4. One of the reasons people don’t trust the “experts” is because they’re either lying or mistaken about basic facts all the time. I would commend this interview between Alison Morrow and Aaron Kheriaty with you, which starts off talking about vaccine mandates and natural immunity but also launches into discussions about how legacy media thinks, and the problem of groupthink, and it’s a good interview. At one point, Alison talks about chatting with a friend in traditional media about people who don’t trust the news, and her friend sort of says “well it’s because people just don’t know”, and Alison says no, they do know, and that’s why they don’t trust traditional news now.
This is a very minor illustration of this point, but a few days ago Michigan Capitol Confidential had an article about a Berrien County Health Department official commenting to MLive that “our younger adults, teens and below who have not been vaccinated” is now where we’re seeing hospitalizations occur.

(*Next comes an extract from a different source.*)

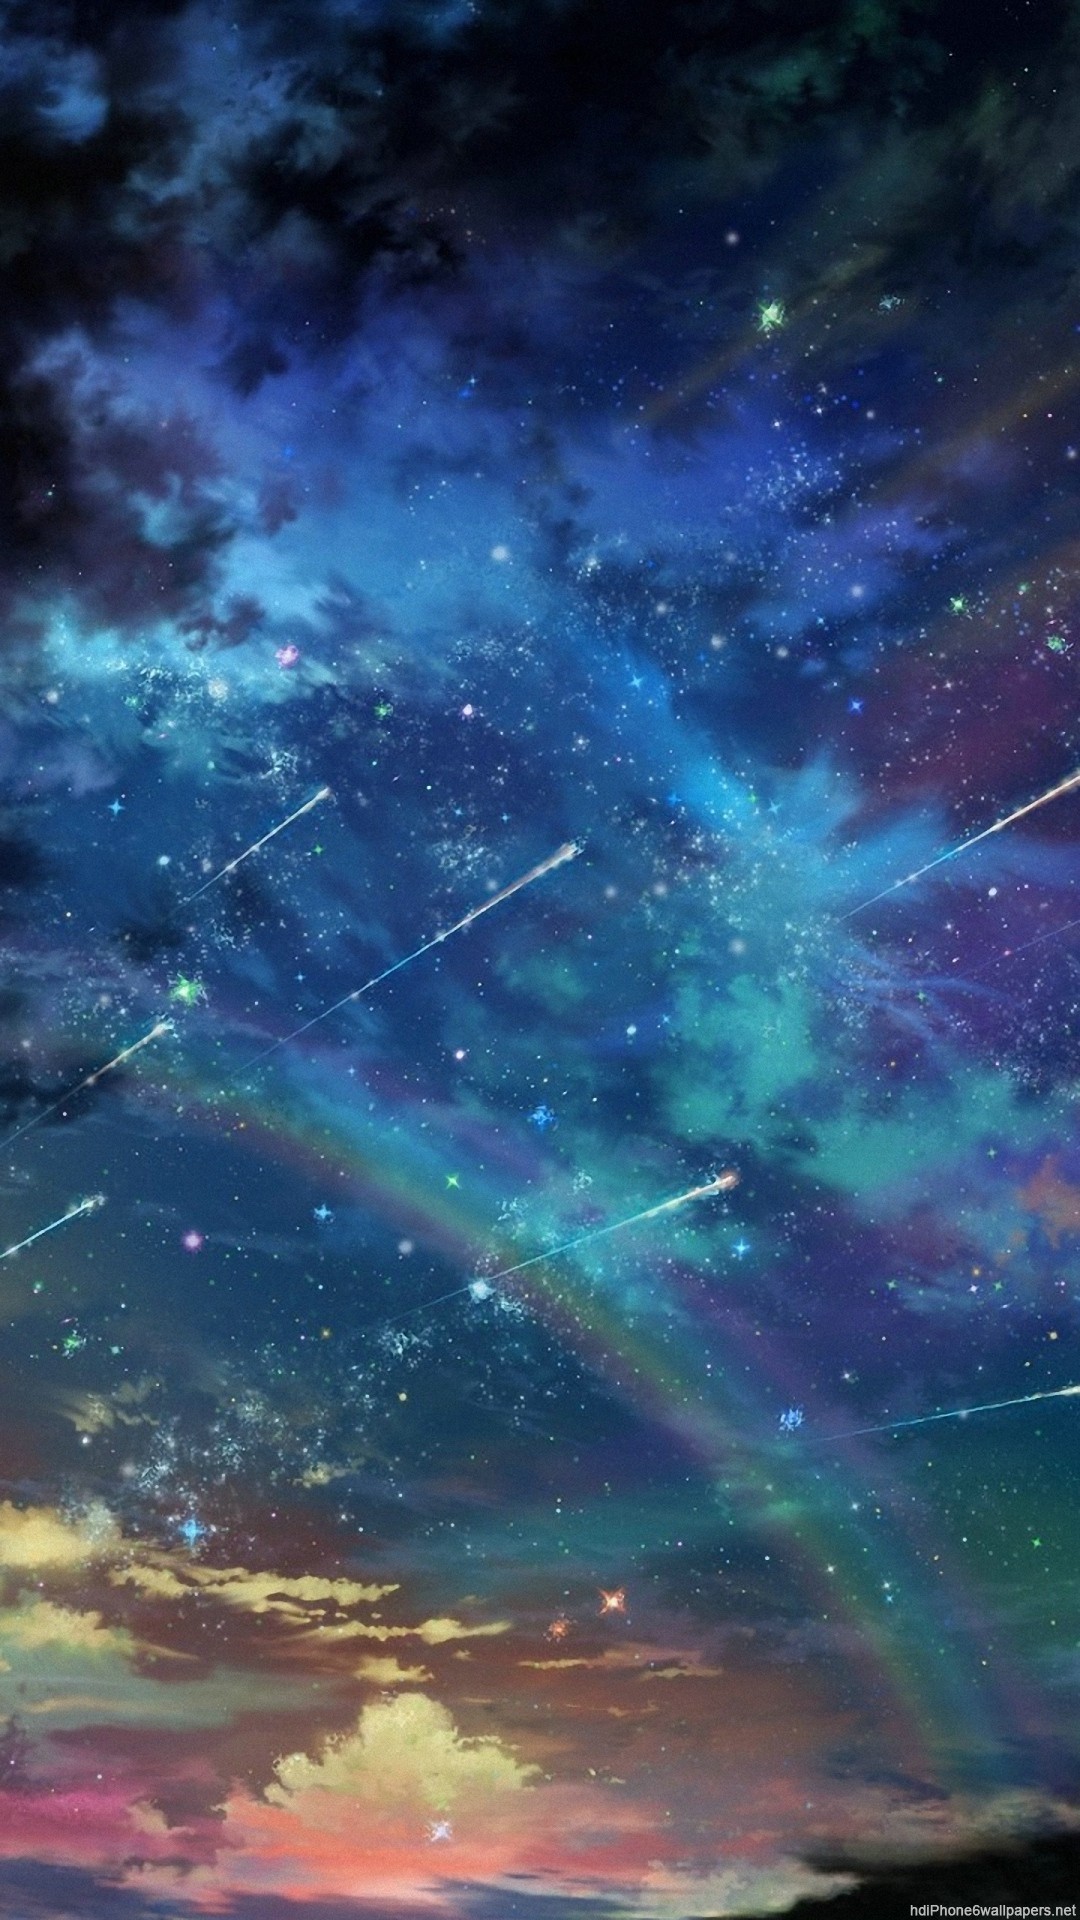 虹と流れ星の奇跡のコラボ宇宙の画像

But, MichCapCon pointed out, per state data at the time of his comments there was exactly one pediatric COVID hospitalization in the entire nine-county region that includes Berrien County, and in the previous month ages 0-19 had made up just 2% of the hospitalizations in the region. So what is he talking about? That’s just one illustration of, no the problem is not that people don’t know, the problem is that people do know what’s going on and for some reason it’s a very different thing from what you’re saying.
5. But I don’t want to end on a depressing note so let me also say… this is true.I no longer think a free and open Marketplace of Ideas has ever existed, but it's beginning to. This is the most fundamental change happening now, and it threatens a lot of corrupt power that's fighting to clamp things down ASAP. Genie is out of the bottle, though.I don’t know if technological solutions are what Lindsay has in mind, but that is at least part of it. I am writing this on Substack. The audio for this piece is shared on Odysee. The interview with Gerald Celente linked above and the interview with Aaron Kheriaty are both on Odysee - in fact the Kheriaty interview was removed from YouTube due to “medical misinformation”, but it got plenty of exposure on Rofkin and Odysee and a medley of other sites anyway. You can’t actually stop that signal anymore.
If you consider “the weak leading the weak” and what it leads to, and start looking at the past, well, there's the Russian and French Revolutions staring right back at you.
This country isn't centralized the way Russia and France were. It isn't as vulnerable to the damage a single leader can do. But, how many of the 50 governors have done a respectable job over the last 20 months? I think it's 5 at the most, and I don't know that any of the 50 have earned admiration for what they've done.